我想出了如何将整个表加载到 Spark 中,我可以将它们全部加载,然后在那里进行连接和选择。然而,这是非常低效的。我只想加载由我的 SQL 查询生成的表。
Here is my current approximation of the code, that doesn't work. Mysql-connector has an option "dbtable" that can be used to load a whole table. I am hoping there is some way to specify a query
这是我目前的代码近似值,它不起作用。Mysql-connector 有一个选项“dbtable”,可用于加载整个表。我希望有某种方式来指定查询
val df = sqlContext.format("jdbc").
option("url", "jdbc:mysql://localhost:3306/local_content").
option("driver", "com.mysql.jdbc.Driver").
option("useUnicode", "true").
option("continueBatchOnError","true").
option("useSSL", "false").
option("user", "root").
option("password", "").
sql(
"""
select dl.DialogLineID, dlwim.Sequence, wi.WordRootID from Dialog as d
join DialogLine as dl on dl.DialogID=d.DialogID
join DialogLineWordInstanceMatch as dlwim o n dlwim.DialogLineID=dl.DialogLineID
join WordInstance as wi on wi.WordInstanceID=dlwim.WordInstanceID
join WordRoot as wr on wr.WordRootID=wi.WordRootID
where d.InSite=1 and dl.Active=1
limit 100
"""
).load()
回答by opus111
I found this here Bulk data migration through Spark SQL
我在这里找到了通过 Spark SQL 进行批量数据迁移
The dbname parameter can be any query wrapped in parenthesis with an alias. So in my case, I need to do this:
dbname 参数可以是用别名括在括号中的任何查询。所以就我而言,我需要这样做:
val query = """
(select dl.DialogLineID, dlwim.Sequence, wi.WordRootID from Dialog as d
join DialogLine as dl on dl.DialogID=d.DialogID
join DialogLineWordInstanceMatch as dlwim on dlwim.DialogLineID=dl.DialogLineID
join WordInstance as wi on wi.WordInstanceID=dlwim.WordInstanceID
join WordRoot as wr on wr.WordRootID=wi.WordRootID
where d.InSite=1 and dl.Active=1
limit 100) foo
"""
val df = sqlContext.format("jdbc").
option("url", "jdbc:mysql://localhost:3306/local_content").
option("driver", "com.mysql.jdbc.Driver").
option("useUnicode", "true").
option("continueBatchOnError","true").
option("useSSL", "false").
option("user", "root").
option("password", "").
option("dbtable",query).
load()
As expected, loading each table as its own Dataframe and joining them in Spark was very inefficient.

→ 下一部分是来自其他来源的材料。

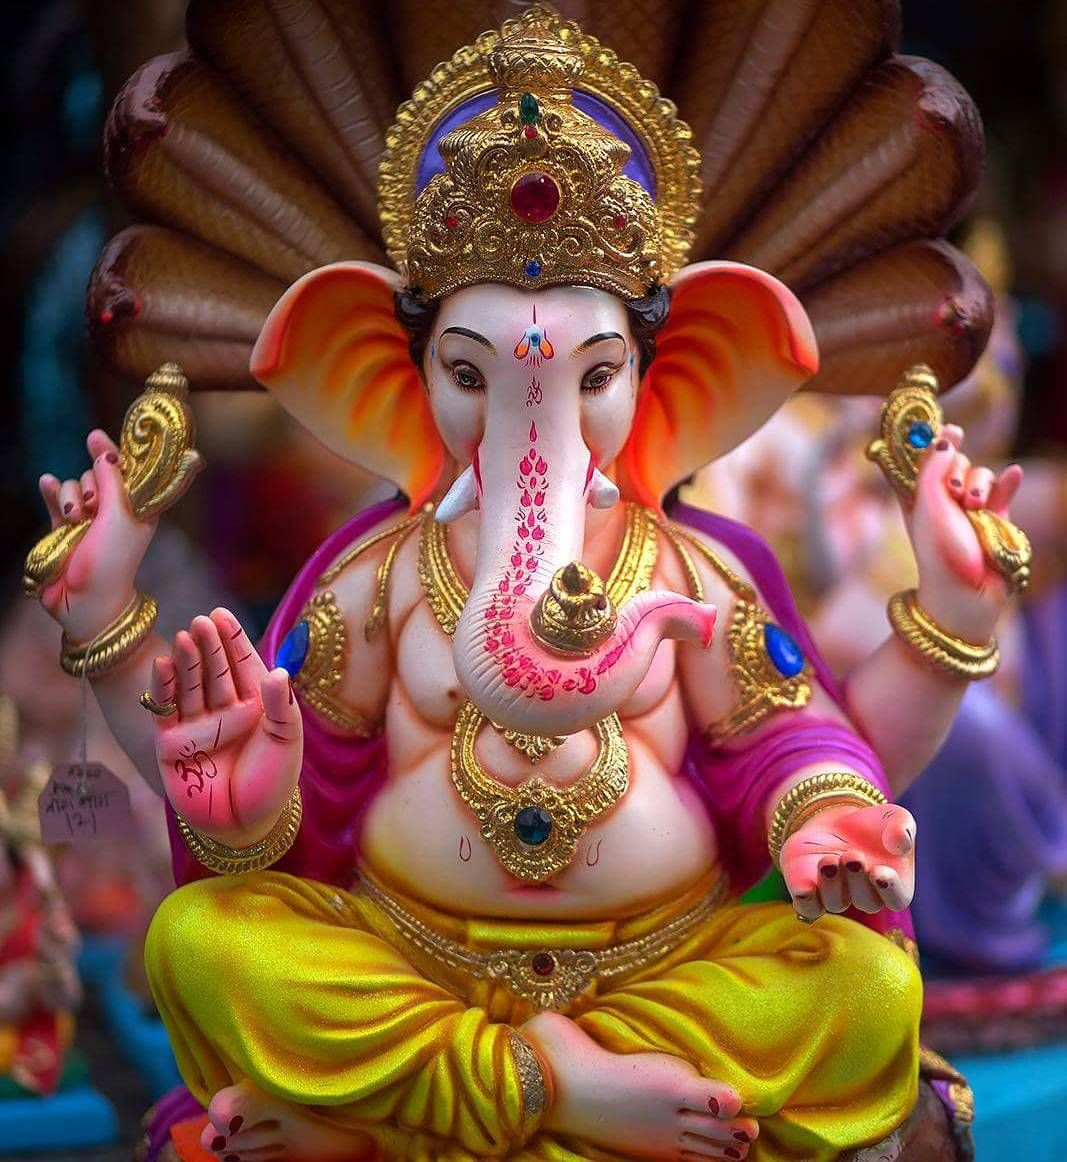 Pin by ben lautoe on ganesh ganesh chaturthi images ganesh statue ganesh - Shri ganesh hd photo ...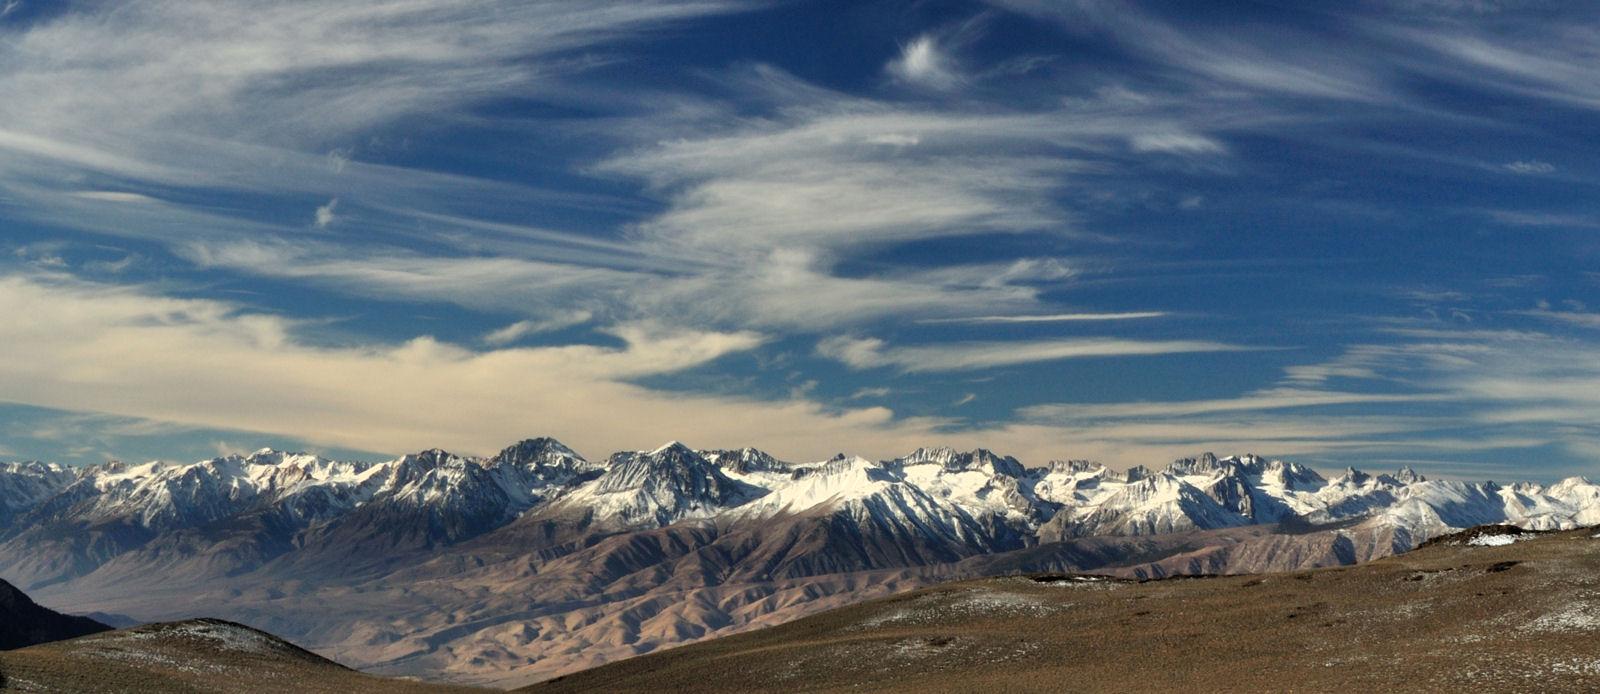 Inyo-White Mountains_panoráma 3000 m magasan.JPG

正如预期的那样,将每个表作为自己的 Dataframe 加载并将它们加入 Spark 的效率非常低。
回答by Alberto Bonsanto
If you have your table
already registered in your SQLContext, you could simply use sql
method.
如果您table
已经在SQLContext 中注册,则可以简单地使用sql
方法。
val resultDF = sqlContext.sql("SELECT a.X,b.Y,c.Z FROM FOO as a JOIN BAR as b ON ... JOIN ZOT as c ON ... WHERE ...")
回答by Kristian
to save the output of a query to a new dataframe, simple set the result equal to a variable:
要将查询的输出保存到新的数据帧,只需将结果设置为一个变量即可:
val newDataFrame = spark.sql("SELECT a.X,b.Y,c.Z FROM FOO as a JOIN BAR as b ON ... JOIN ZOT as c ON ... WHERE ...")
and now newDataFrame
is a dataframe with all the dataframe functionalities available to it.
现在newDataFrame
是一个具有所有可用数据框功能的数据框。
回答by WillemM
TL;DR:just create a view in your database.
TL;DR:只需在您的数据库中创建一个视图。
Detail:I have a table t_city in my postgres database, on which I create a view:
详细信息:我的 postgres 数据库中有一个表 t_city,我在该表上创建了一个视图:
create view v_city_3500 as
select asciiname, country, population, elevation
from t_city
where elevation>3500
and population>100000
select * from v_city_3500;
asciiname | country | population | elevation
-----------+---------+------------+-----------
Potosi | BO | 141251 | 3967
Oruro | BO | 208684 | 3936
La Paz | BO | 812799 | 3782
Lhasa | CN | 118721 | 3651
Puno | PE | 116552 | 3825
Juliaca | PE | 245675 | 3834
In the spark-shell:
在火花壳中:
val sx= new org.apache.spark.sql.SQLContext(sc)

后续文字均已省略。